Reading in our data:

In [None]:
df_mp_census_data = pd.read_csv(
    f'../Census_Data_Imports/Datasets/marriage_\
poverty_acs5_data_{latest_acs5_year}.csv')
# 'mp' stands for 'marriage and poverty.'
# Renaming the NAME column in order to avoid a conflict with our shapefile
# dataset's NAME column:
df_mp_census_data.rename(
    columns = {'NAME':'County/State'},
    inplace = True)
df_mp_census_data.head()

Merging our Census data into our county shapefiles:

(We could also have used state and county codes for this merge; this alternative approach is shown in choropleth_maps.ipnyb.)

In [None]:
gdf_counties_and_mp_stats = gdf_counties.merge(
    df_mp_census_data, on = 'County/State', how = 'inner')
gdf_counties_and_mp_stats.query("STUSPS != 'PR'", inplace = True)
gdf_counties_and_mp_stats.head()

Confirming that, having removed Puerto Rico from the results, we have only 51 unique state codes (representing all 50 states plus DC):

In [None]:
len(gdf_counties_and_mp_stats['STUSPS'].unique())
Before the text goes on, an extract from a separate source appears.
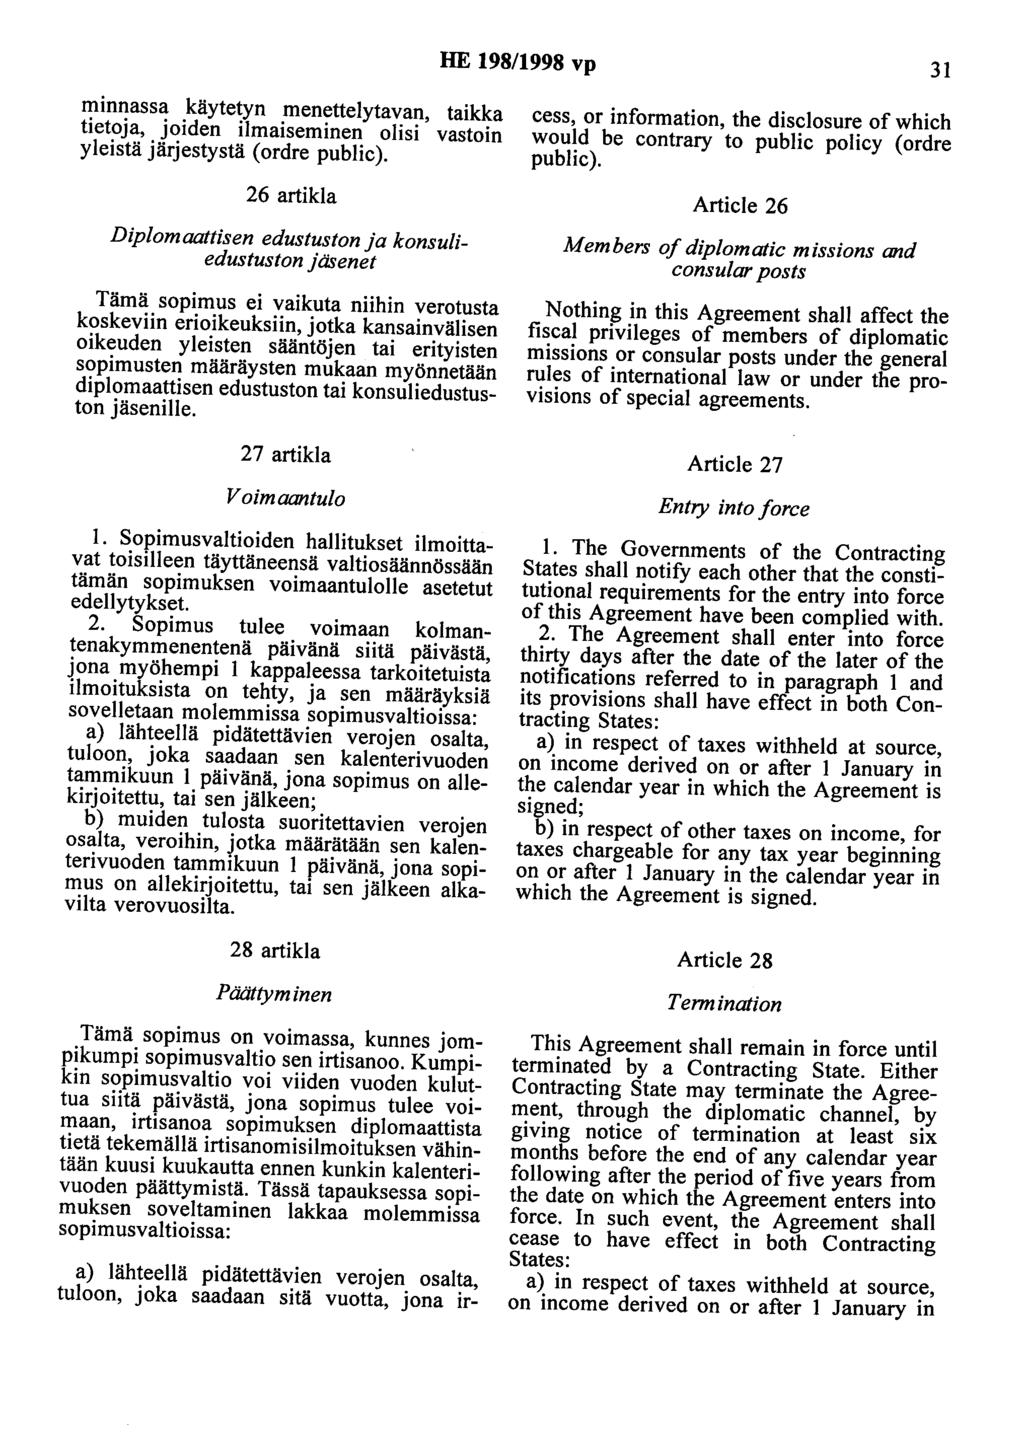 HE 198/1998 vp 31 minnassa käytetyn menettelytavan, taikka tietoja, joiden ilmaiseminen olisi vastoin yleistä järjestystä (ordre public).

# Comparing married- and % of Non-Married Households Below Poverty Levels:

We'll now create county-level choropleth maps of poverty rates for (1) married-couple households and (2) non-married households. In order to make these two maps easier to compare, we'll use the same set of bins for both. We can accomplish this by defining the bin thresholds outside of the mapping function calls, then passing them to our function as a custom bin list.
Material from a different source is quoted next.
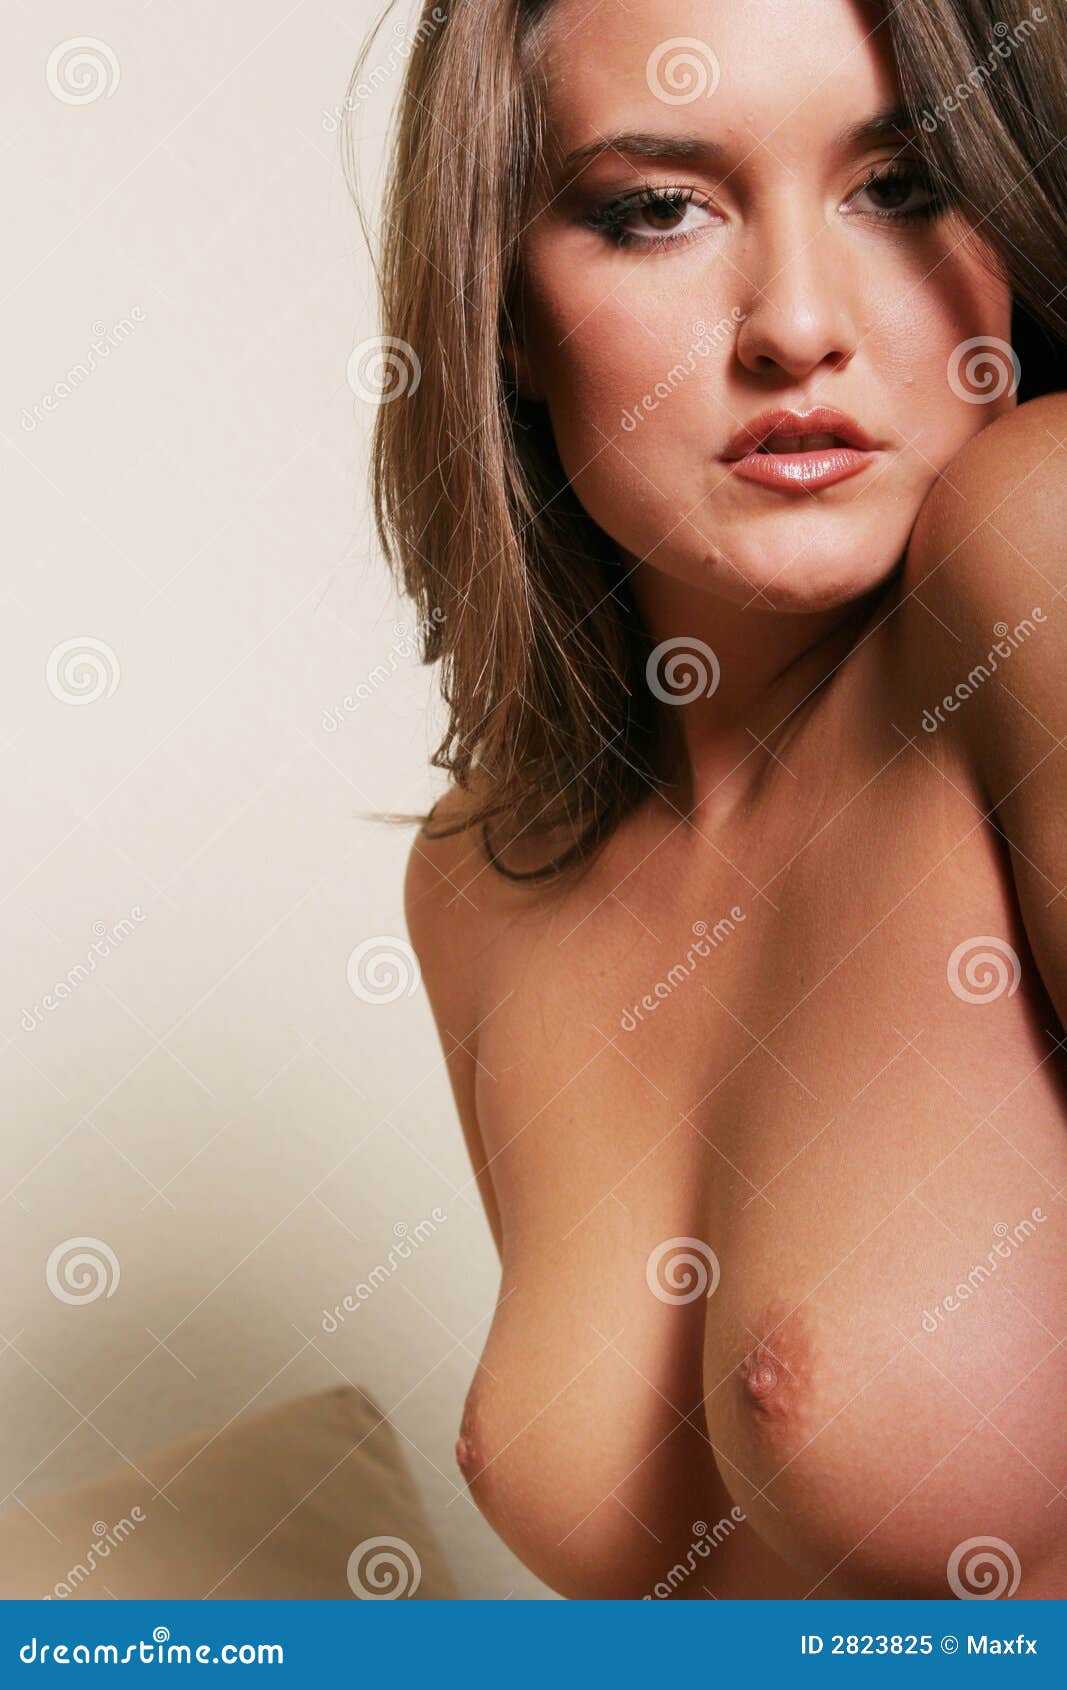 Hot Women Topless 106

The following code creates these thresholds by adding both sets of poverty rates together, then using Pandas' quantile() function to calculate a set of percentile-based thresholds.

In [None]:
custom_mp_percentile_threshold_list = pd.concat(
    [gdf_counties_and_mp_stats[
     '% of Married Households Below Poverty Level'],
    gdf_counties_and_mp_stats[
     '% of Non-Married Households Below Poverty Level']]
).quantile(np.linspace(0, 1, 11)).to_list()
custom_mp_percentile_threshold_list

We can also create a linear set of thresholds by determining the minimum and maximum poverty rates for both variables, then using np.linspace() to calculate an equally-spaced group of boundaries. I found the percentile-based thresholds to result in a more colorful map, however.

In [None]:
custom_mp_bin_min = min([gdf_counties_and_mp_stats['% of Married Households Below Poverty Level'].min(),
    gdf_counties_and_mp_stats['% of Non-Married Households Below Poverty Level'].min()])
custom_mp_bin_min

In [None]:
custom_mp_bin_max = max([gdf_counties_and_mp_stats['% of Married Households Below Poverty Level'].max(),
    gdf_counties_and_mp_stats['% of Non-Married Households Below Poverty Level'].max()])
custom_mp_bin_max

In [None]:
custom_mp_linear_threshold_list = np.linspace(custom_mp_bin_min, custom_mp_bin_max, 11)
custom_mp_linear_threshold_list

### Creating a map of married-couple household poverty rates by county:

In [None]:
map_filename = f'married_couple_household_poverty_rate_acs_{latest_acs5_year}'

m = create_map_and_screenshot(
    starting_lat = 38, starting_lon = -95, 
    html_zoom_start = 5,
    screenshot_zoom_start = 6,
    gdf = gdf_counties_and_mp_stats, 
    data_col = '% of Married Households Below Poverty Level', 
    boundary_name_col = 'County/State',
    data_col_alias = "% of Married Households Below Poverty Level", 
    boundary_name_alias = 'County:',
    tooltip_variable_list = [], 
         tooltip_alias_list = [],
    bin_type = 'custom', 
    custom_threshold_list = custom_mp_percentile_threshold_list, 
    # color_scheme = 'RdYlBu_r',
    color_scheme = 'YlOrRd',
        map_filename = map_filename,
        html_map_folder = os.getcwd()+'/maps',
        png_map_folder = os.getcwd()+'/map_screenshots')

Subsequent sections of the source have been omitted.